On Thu 11-10-18 07:59:32, Arun KS wrote:
> On 2018-10-10 23:03, Michal Hocko wrote:
> > On Wed 10-10-18 22:26:41, Arun KS wrote:
> > > On 2018-10-10 21:00, Vlastimil Babka wrote:
> > > > On 10/5/18 10:10 AM, Arun KS wrote:
> > > > > When free pages are done with higher order, time spend on
> > > > > coalescing pages by buddy allocator can be reduced. With
> > > > > section size of 256MB, hot add latency of a single section
> > > > > shows improvement from 50-60 ms to less than 1 ms, hence
> > > > > improving the hot add latency by 60%. Modify external
> > > > > providers of online callback to align with the change.
> > > > >
> > > > > Signed-off-by: Arun KS <arunks@codeaurora.org>
> > > >
> > > > [...]
> > > >
> > > > > @@ -655,26 +655,44 @@ void __online_page_free(struct page *page)
> > > > >  }
> > > > >  EXPORT_SYMBOL_GPL(__online_page_free);
> > > > >
> > > > > -static void generic_online_page(struct page *page)

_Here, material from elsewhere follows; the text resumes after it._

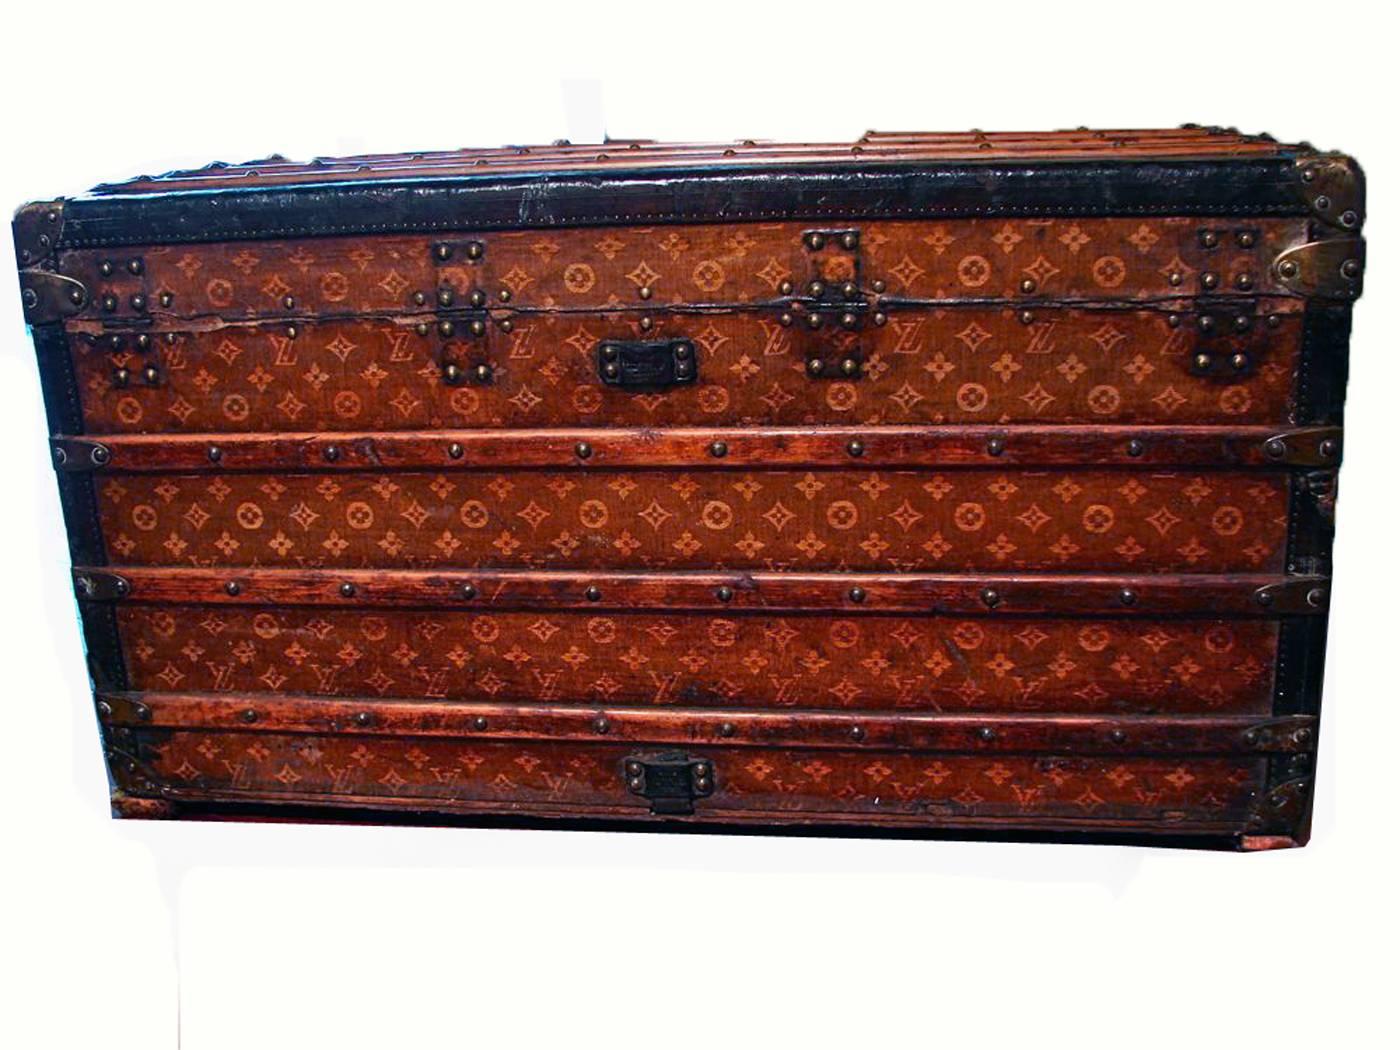 This iconic steamer trunk dates to the early 1900s and is made from Vuitton's monogram canvas (handwoven, which is typical of trunks made prior to 1905), leather trim and brass hardware & handles.  The interior is lined in cream fabric and features

> > > > > +static int generic_online_page(struct page *page, unsigned int order)
> > > > >  {
> > > > > -	__online_page_set_limits(page);
> > > >
> > > > This is now not called anymore, although the xen/hv variants still do
> > > > it. The function seems empty these days, maybe remove it as a followup
> > > > cleanup?
> > > >
> > > > > -	__online_page_increment_counters(page);
> > > > > -	__online_page_free(page);
> > > > > +	__free_pages_core(page, order);
> > > > > +	totalram_pages += (1UL << order);
> > > > > +#ifdef CONFIG_HIGHMEM
> > > > > +	if (PageHighMem(page))
> > > > > +		totalhigh_pages += (1UL << order);
> > > > > +#endif
> > > >
> > > > __online_page_increment_counters() would have used
> > > > adjust_managed_page_count() which would do the changes under
> > > > managed_page_count_lock. Are we safe without the lock? If yes, there
> > > > should perhaps be a comment explaining why.
> > > 
> > > Looks unsafe without managed_page_count_lock.
> > 
> > Why does it matter actually? We cannot online/offline memory in
> > parallel. This is not the case for the boot where we initialize memory
> > in parallel on multiple nodes. So this seems to be safe currently unless
> > I am missing something. A comment explaining that would be helpful
> > though.
> 
> Other main callers of adjust_manage_page_count(),
> 
> static inline void free_reserved_page(struct page *page)
> {
>         __free_reserved_page(page);
>         adjust_managed_page_count(page, 1);
> }
> 
> static inline void mark_page_reserved(struct page *page)
> {
>         SetPageReserved(page);
>         adjust_managed_page_count(page, -1);
> }
> 
> Won't they race with memory hotplug?
> 
> Few more,
> ./drivers/xen/balloon.c:519:            adjust_managed_page_count(page, -1);
> ./drivers/virtio/virtio_balloon.c:175:  adjust_managed_page_count(page, -1);
> ./drivers/virtio/virtio_balloon.c:196:  adjust_managed_page_count(page, 1);
> ./mm/hugetlb.c:2158:                    adjust_managed_page_count(page, 1 <<
> h->order);

They can, and I have missed those.

-- 
Michal Hocko
SUSE Labs